# doctor 1 or doctor 2?



## pandatx (Mar 27, 2013)

So, I got my diagnosis about 10 days ago and also had my second opinion this week.

Doctor 1 I've seen before and she's nice enough but I don't like that she told me that seeing an opthamologist was a waste of time. Also, she "educated" me a little bit but not very much. I do like her nurse and PA. For follow ups, you see her or her PA and then they do bloodwork and you get a call with results after they get them (I don't love this b/c you end up talking to the nurse and not the doctor). She did know about taking Selenium to help with the eye symptoms.

Doctor 2...very informative. Seems knowledgable. Spent time educating me (an okay manner). But his office people are really cold. The PA is just really not personable and this is who returns phone calls, you see at some follow up, etc. I just don't like them. He sends you for follow up blood work before you come back to his office. So when you go for your appts he can go over the bloodwork with you then.

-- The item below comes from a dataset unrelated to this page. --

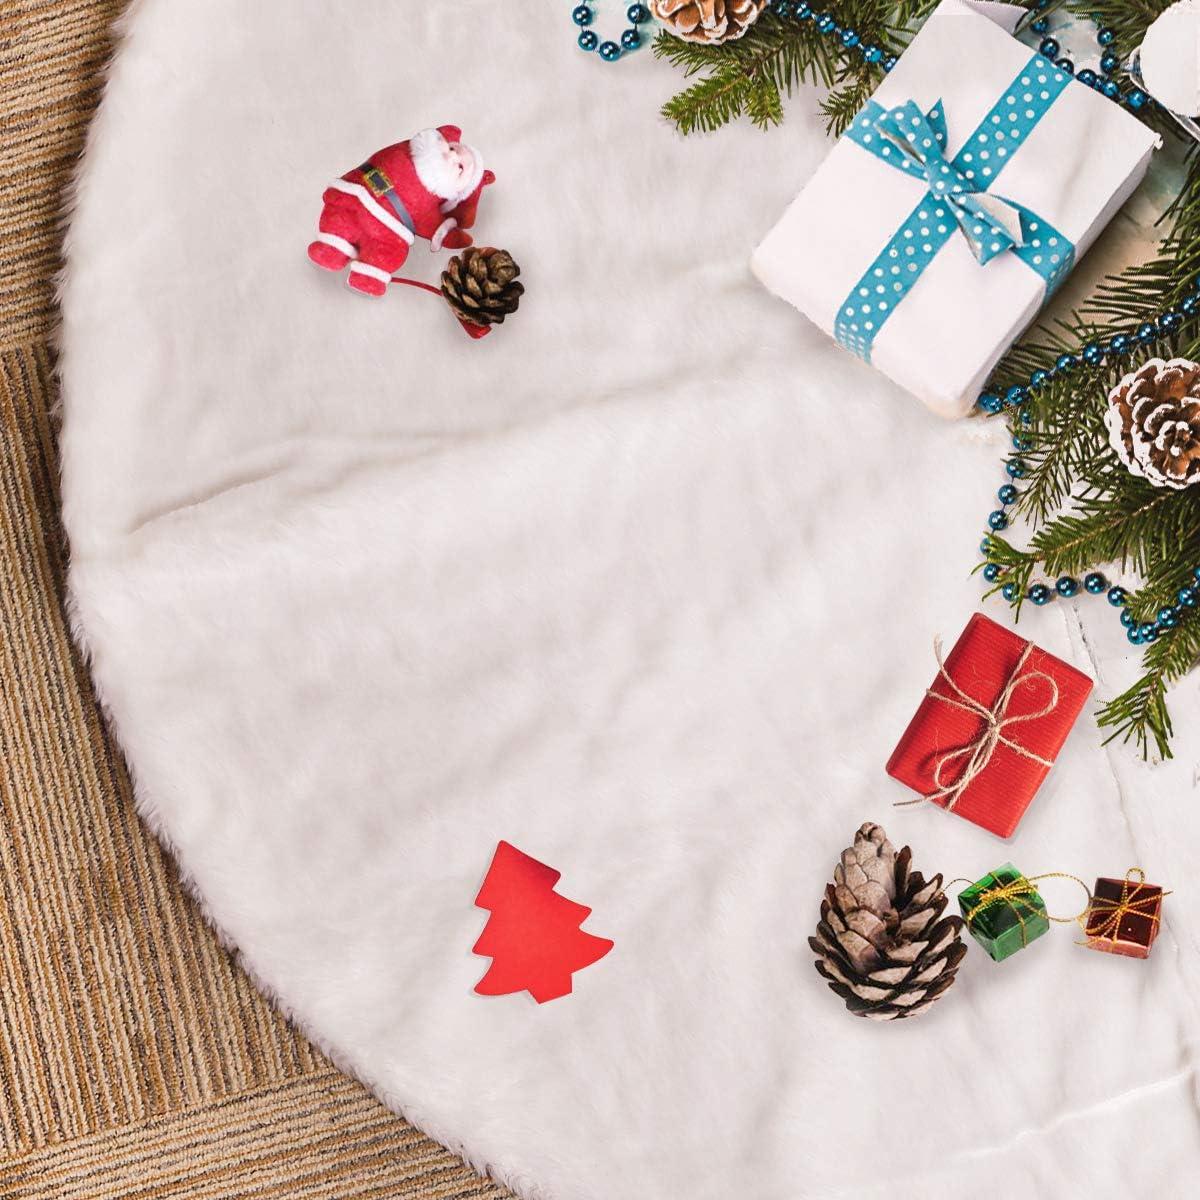 Rorchio 78cm Weihnachtsbaumdecke Wei/ß Pl/üsch Christmasbaumdecke Rund Tannenbaum-Unterlage Weihnachtsbaumteppich Ornamente Dekoration f/ür Weihnachten

I have to decide who I'm going back to for my follow up and for questions (like today with the heartburn on the Tapazole). I don't know how to decide. Is it more important that the doctor be a little more informed or is it more important to like the people who work there?


----------



## webster2 (May 19, 2011)

Are you able to email doctor #2? If not, I'd still lean toward doctor #2, and ask him the best way to have contact with him.


----------



## pandatx (Mar 27, 2013)

Can I ask why Dr. 2? When I called and left a message the only option was to leave a message for his PA (not for him directly). She did call me back but was very aloof and just said she'd pass my question on to the Dr. I'm going to be very upset if nobody gets back to me today after she returned my call with no information.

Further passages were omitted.